En second lieu, il existe un risque avéré que les Ehpad commerciaux soumis à la contribution additionnelle ne fasse le choix, pour préserver leur résultat net, de diminuer leurs charges en dégradant le niveau de prestation ou d'augmenter leur produit en répercutant sur le prix des places la hausse de leur fiscalité.

La contribution additionnelle risquerait d'être transférée aux supportées par les usagers des Ehpad commerciaux avec un renchérissement des prix ou une dégradation des prestations.

2. La contribution additionnelle créée risquerait de se traduire par un recul de l'investissement privé dans le secteur des Ehpad commerciaux qui est déjà fragilisé financièrement par la conjoncture

L'ensemble du secteur des Ehpad connait, depuis 2020, une situation conjoncturelle dégradée sous le double effet de la réduction de leur taux d'occupation et de la hausse de leurs charges. Ce double mécanisme se traduit par un « effet ciseaux » qui dégrade la rentabilité économique et la situation financière de l'ensemble des Ehpad, y compris les Ehpad commerciaux.

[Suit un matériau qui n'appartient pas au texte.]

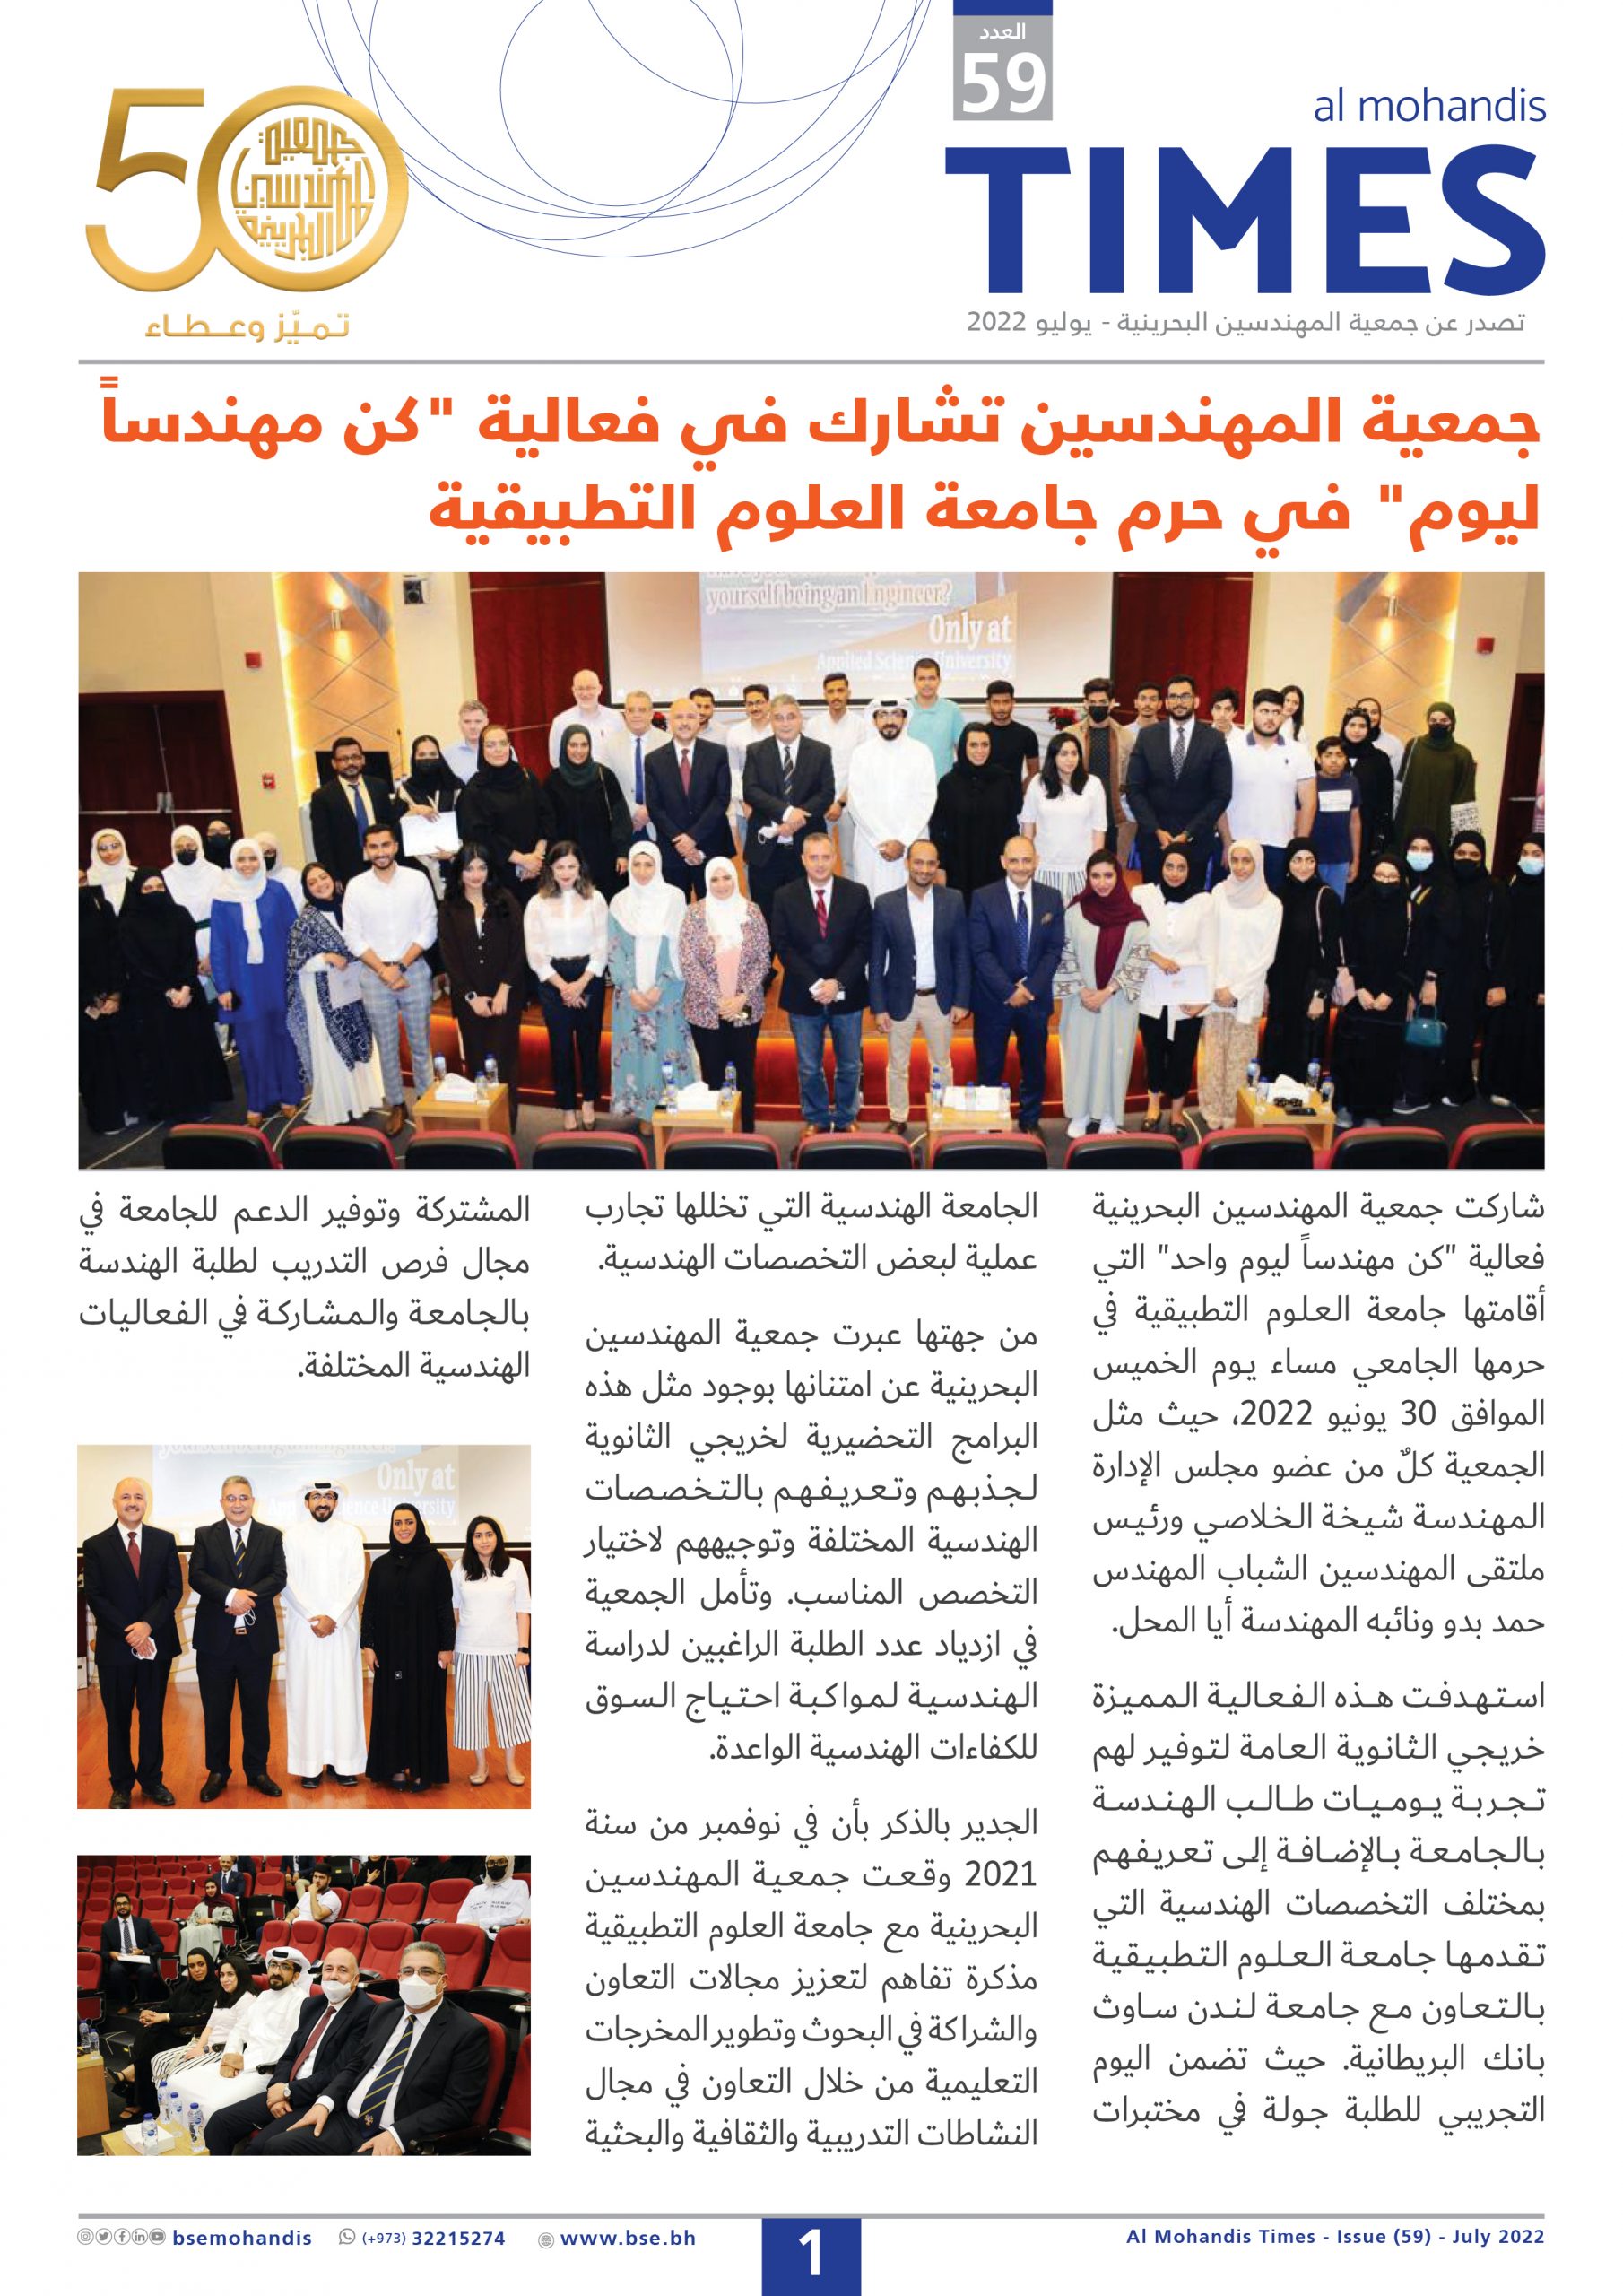 Al Mohandis Times Issue 59
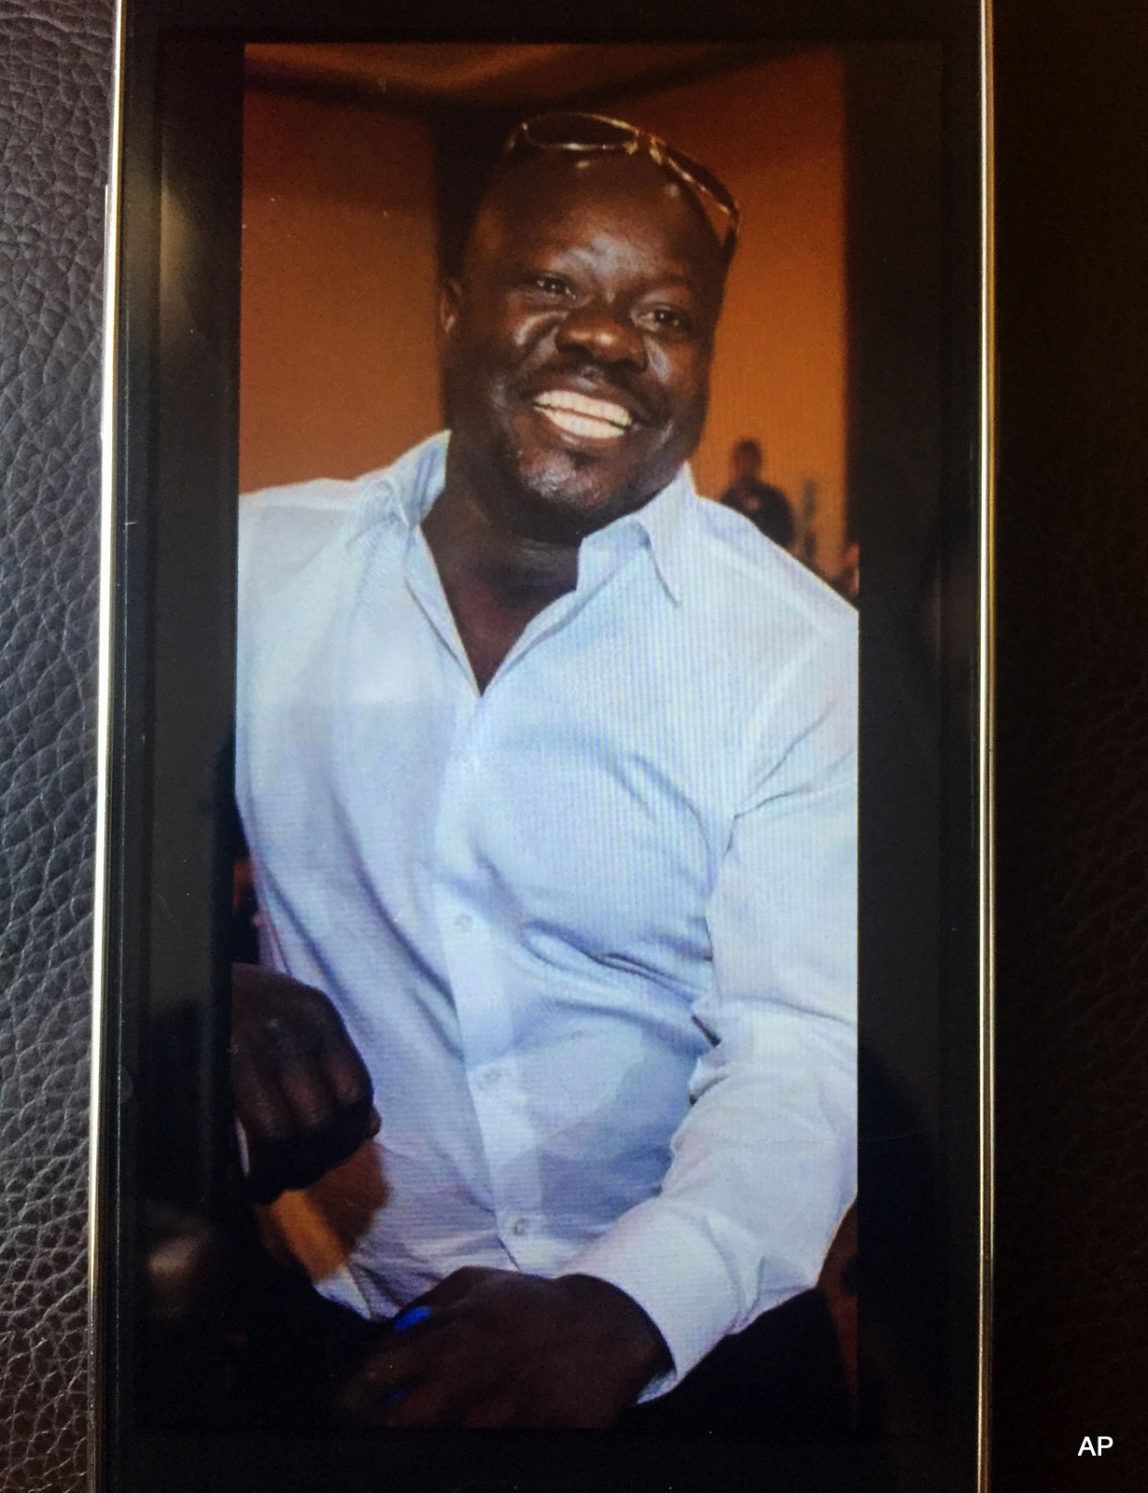 This undated cellphone photo released by Dan Gilleon, the attorney for the family of Alfred Olango, shows Alfred Olango, the Ugandan refugee killed Tuesday, Sept. 27, 2016, in El Cajon, Calif. The fatal police shooting of Olango, who drew something from his pocket and extended his hands in a "shooting stance" happened about a minute after officers in a San Diego suburb arrived at the scene where a mentally unstable man was reportedly walking in traffic, a police spokesman said Wednesday.

Cette dégradation s'explique en premier lieu par la réduction du taux d'occupation sous le double effet du nombre élevé de décès lié à l'épidémie de covid-19 et par la dégradation de l'image des Ehpad depuis la publication d'une enquête journalistique2(*) ayant reçu un important écho médiatique en 2022. En second lieu, le haut niveau de l'inflation des prix alimentaires et énergétiques en 2022 et 2023 ont augmenté les charges des Ehpad sans que cette augmentation n'ait été entièrement répercutée sur leurs tarifs.

Un taux de

Un niveau de

Une perte de

 
 
 

de mauvaise opinion des sondés sur les Ehpad privés

d'inflation sur les produits énergétiques depuis 2015

de marge d'excédent brut d'exploitation (EBE) entre 2019 et 2023 pour les Ehpad commerciaux

Dans ce contexte, et alors que les Ehpad commerciaux doivent activement participer à l'effort d'investissement à moyen terme pour financer la création de nouvelles infrastructures d'accueil des personnes âgées dépendantes, un alourdissement de la fiscalité des Ehpad commerciaux se traduirait par un risque de désinvestissement qui pourrait fragiliser le maillage territorial de l'offre de prise en charge de la dépendance des personnes âgées.

Compte tenu de ces éléments, la proposition de loi n'a pas été adoptée par la commission.

En conséquence, en application du premier alinéa de l'article 42 de la Constitution, la discussion portera en séance publique sur le texte de la proposition de loi déposée sur le Bureau du Sénat.


* 1 Personnes nées entre 1946 et 1974.

* 2 Victor Castanet, 2022, Les fossoyeurs.